**Exercise**.
Would you return, word for word, the lines running from the one with "1/3 de quem" to the final line of the listing below, pictures omitted?

**Exercise data**.
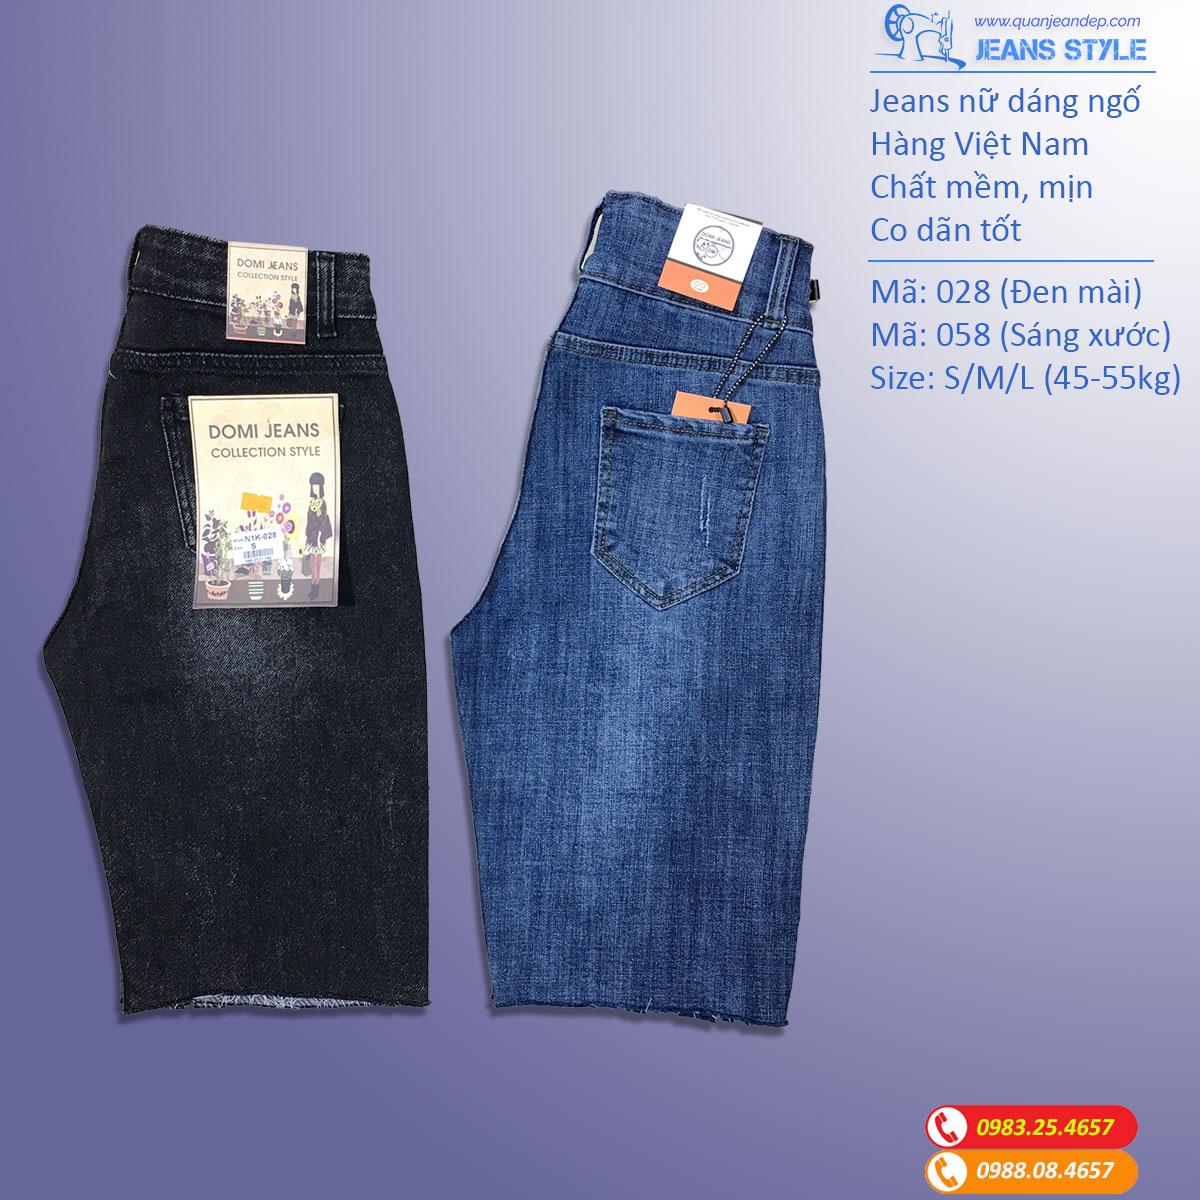 Jeans ngố nữ dáng ôm vừa, cạp cao, co dãn 028-058 Giá:270.000,00 ₫
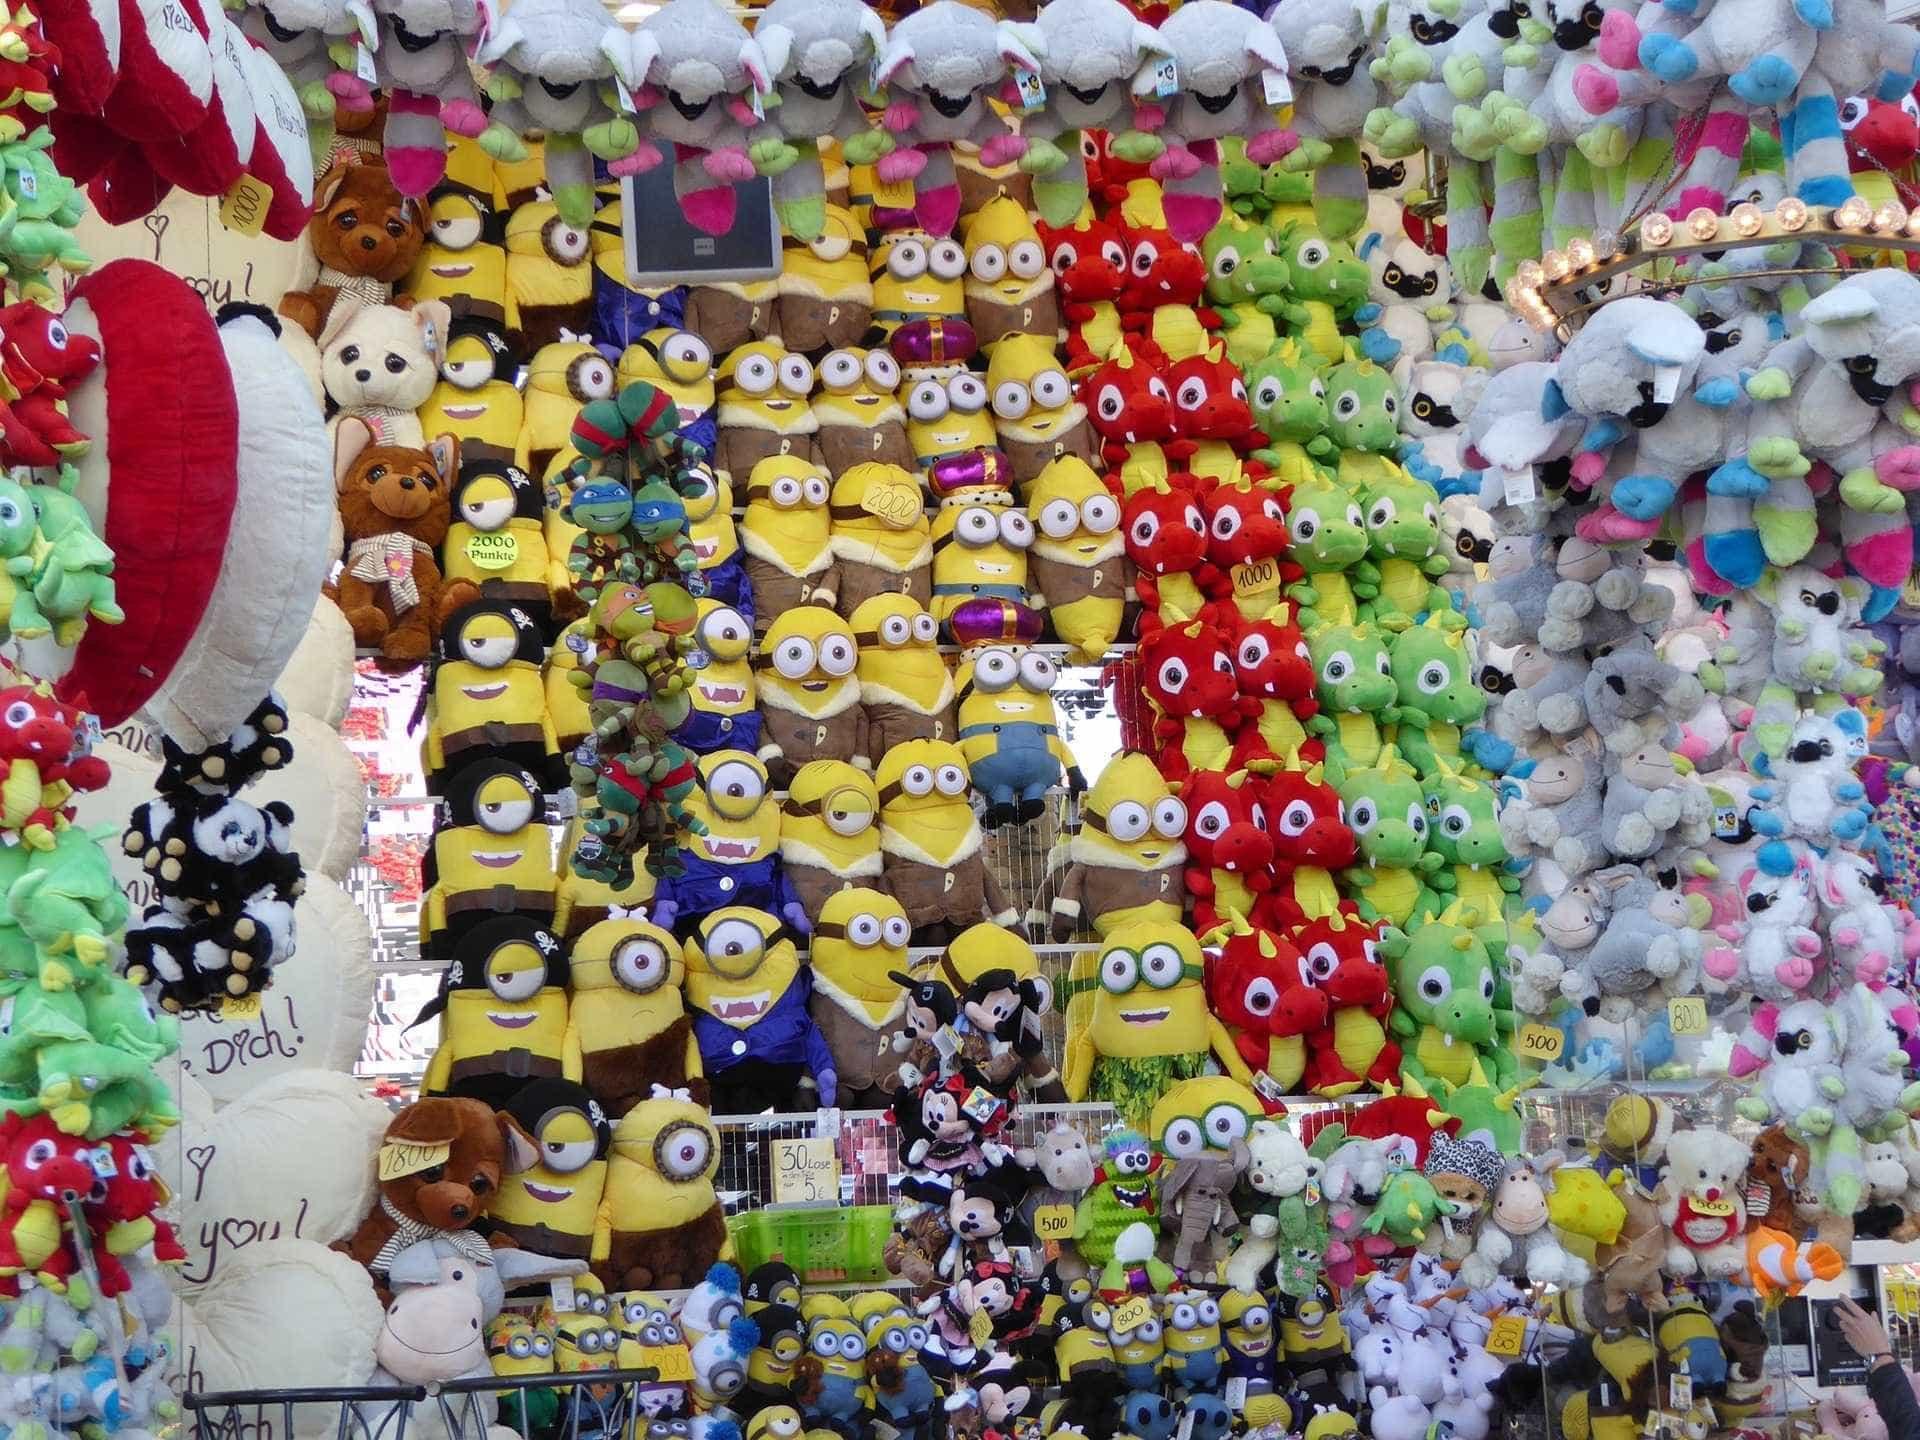 1/3 de quem pretende comprar no Dia da Criança está inadimplente
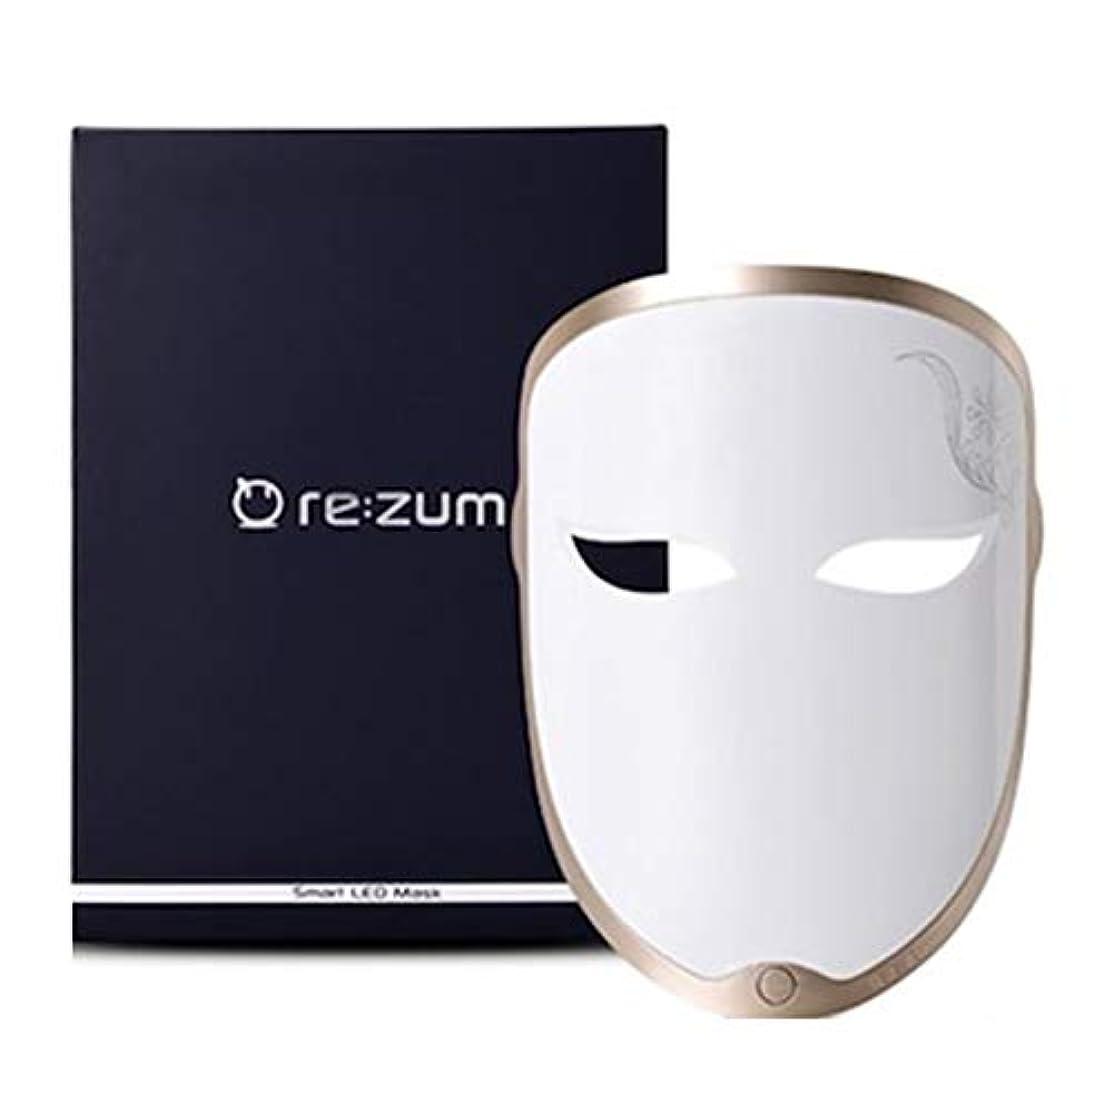 正確さペインティングプラカードREZUM LEDスマートレインボーマスクセルフスキンケア5波長モードホームケア美容機器 USB充電 LED Smart Rainbow Led Mask Self Skin Care 5 Wave Length Mode...

**Output of the task**.
 1/3 de quem pretende comprar no Dia da Criança está inadimplente
 正確さペインティングプラカードREZUM LEDスマートレインボーマスクセルフスキンケア5波長モードホームケア美容機器 USB充電 LED Smart Rainbow Led Mask Self Skin Care 5 Wave Length Mode...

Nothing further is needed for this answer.